Villasenor v. Evans, 754 Ariz. Adv. Rep. 34 (App. Div. I, December 20, 2016) (J.Swann)
NOTICE OF CLAIM REQUIRED TO SUE PUBLIC OFFICIAL/EMPLOYEE FOR ANY ACTS OR OMMISIONS OCCURING WITHIN SCOPE OF PUBLIC EMPLOYMENT
Plaintiff was a developer and lobbyist facing public opposition to a zoning change he was seeking before the Flagstaff City Council to allow for the construction of multi-resident student housing. Plaintiff met with the Vice Mayor and Councilmember Carol Evans on the issue. Evans arranged the meeting with plaintiff and a community organizer. The local newspaper wrote a story about the meeting. Evans then sent an e-mail to the newspaper seeking a follow up story to correct things in the original story and attaching an e-mail from the community organizer in attendance, summarizing what was said at the meeting. Plaintiff sued Evans claiming both e-mails were defamatory.

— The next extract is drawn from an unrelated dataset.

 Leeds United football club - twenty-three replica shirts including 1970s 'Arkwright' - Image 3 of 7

It is undisputed that no notice of claim (ARS §12-821.01) was ever served on defendant by plaintiff. Plaintiff's position was that the notice of claim was not required because Evans was not a “public employee” under the statute or was acting outside the scope of that employment. Plaintiff claimed defendant wore two hats including one as an executive director of a neighborhood association and that the defamation was committed in that or a personal capacity and not in Evans' capacity as a councilmember. Plaintiff claimed defendant used a personal cell phone and personal e-mail to communicate the defamatory statement and did not copy any City Council members rendering the communication private. Finally plaintiff claimed the City was not paying for Evans' defense.
Evans claimed the City was in fact paying for her defense and there was no City policy prohibiting her from using a personal device and personal e-mail for public business. The trial court agreed with Evans and granted defendant summary judgment and the Arizona Court of Appeals affirmed.

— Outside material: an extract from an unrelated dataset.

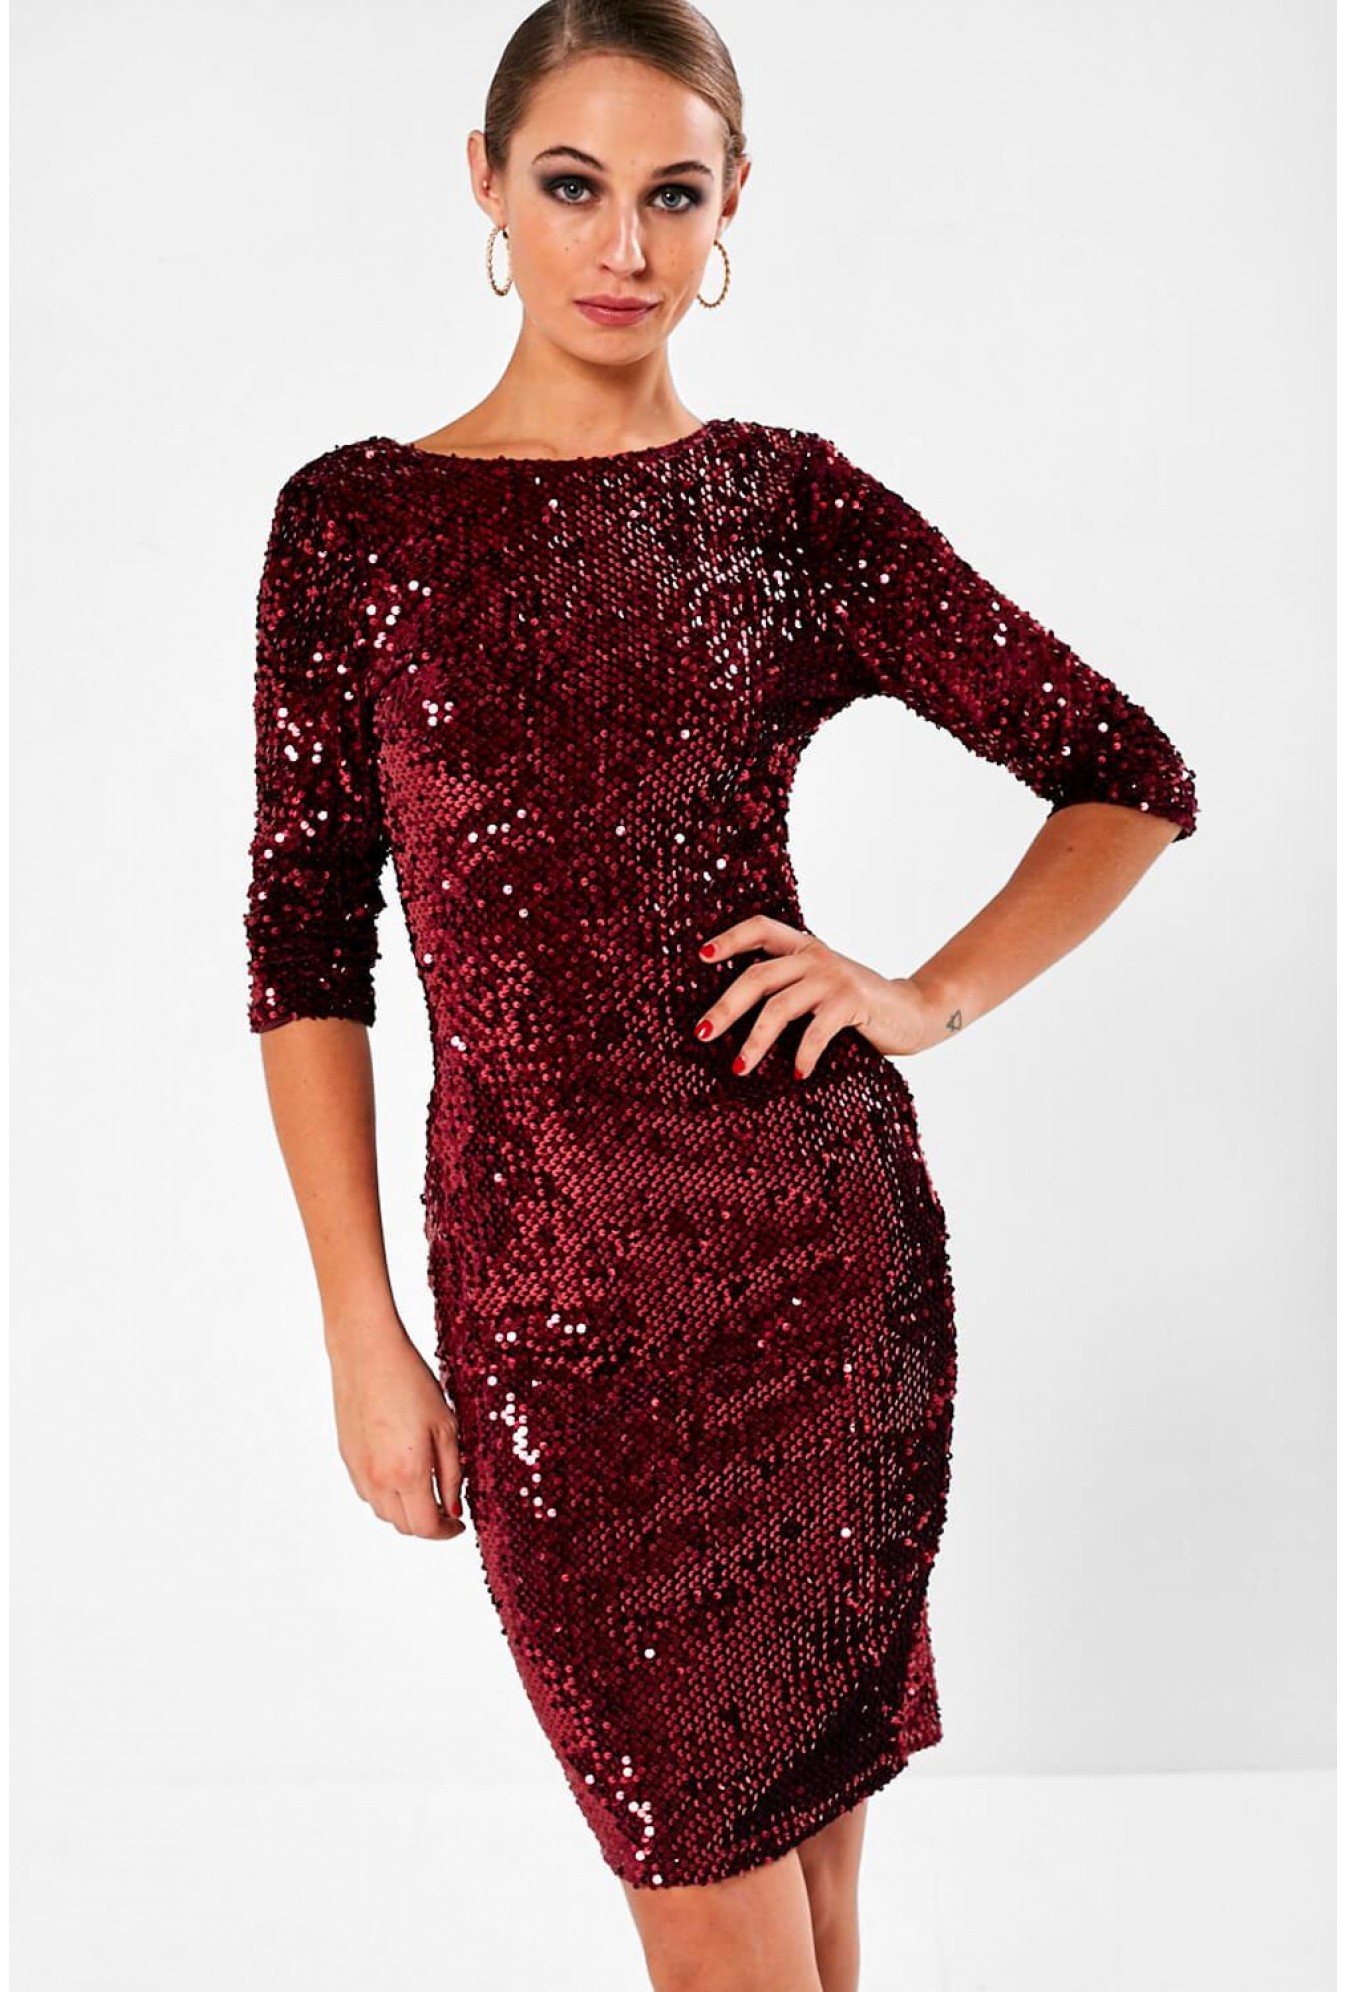 wine color sequin dress

As to plaintiffs claim that Evans as a public official/city councilmember was not a public “employee” the court of appeals noted that under §12-820(1), the term "employee" includes "an officer, director, employee or servant . . . who is authorized to perform any act or service." The court found that to adopt plaintiff's interpretation of the definition would defeat the purpose of the statute which is to allow the government to properly and timely evaluate and resolve risk.

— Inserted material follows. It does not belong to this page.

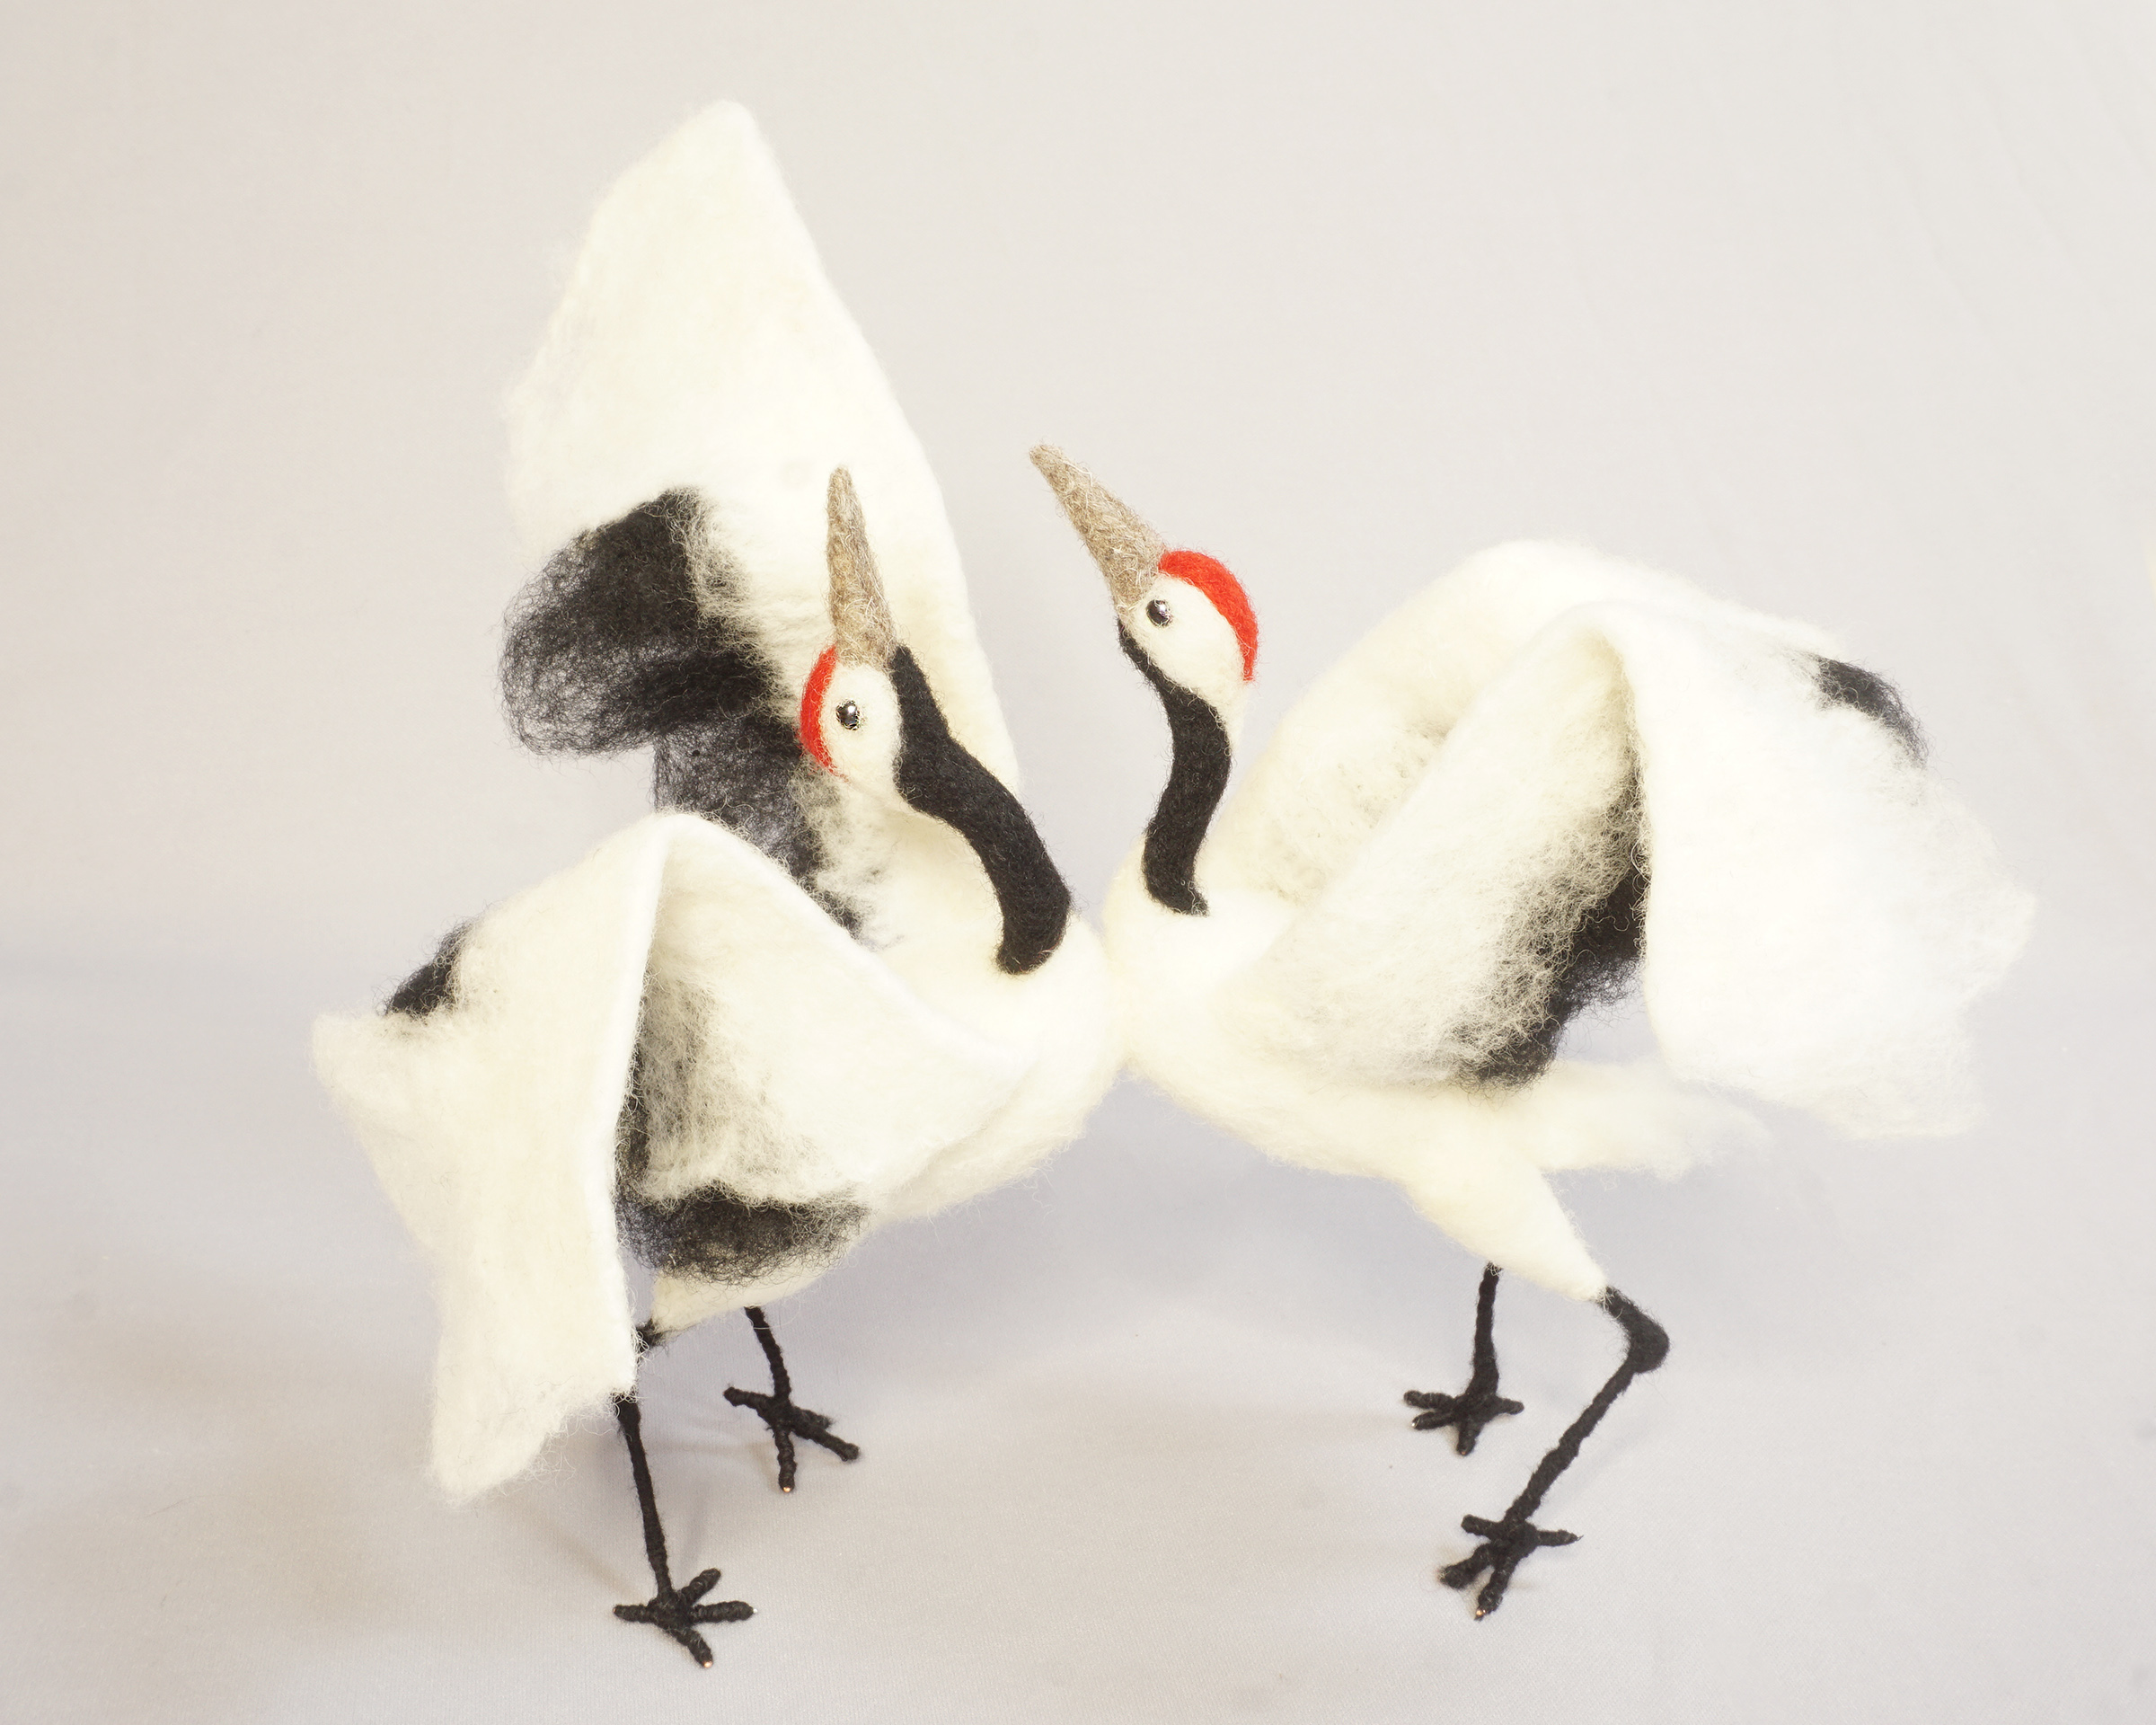 Anthropomorphic pair of dancing Japanese cranes. needle felted wool art doll figure sculpture

As to plaintiff's claim that defendant was acting outside the scope of public employment the court of appeals considered that plaintiff presented evidence that Evans's interest in the public issue was, "both professional, in her role as Vice Mayor of Flagstaff City Council, as well as personal."
Nonetheless, under Dube v. Desai, 218 Ariz. 362 (App. 2008), “An employee's improper actions, even those serving personal desires, will be deemed motivated to serve the employer if those actions are incidental to the employee's legitimate work activity. . . . [here evidence of personal interest was] insufficient to defeat summary judgment: even if Evans was motivated by personal interests, the undisputed evidence showed that her conduct was, at the very least, incidental to her work as a Councilmember and Vice Mayor.”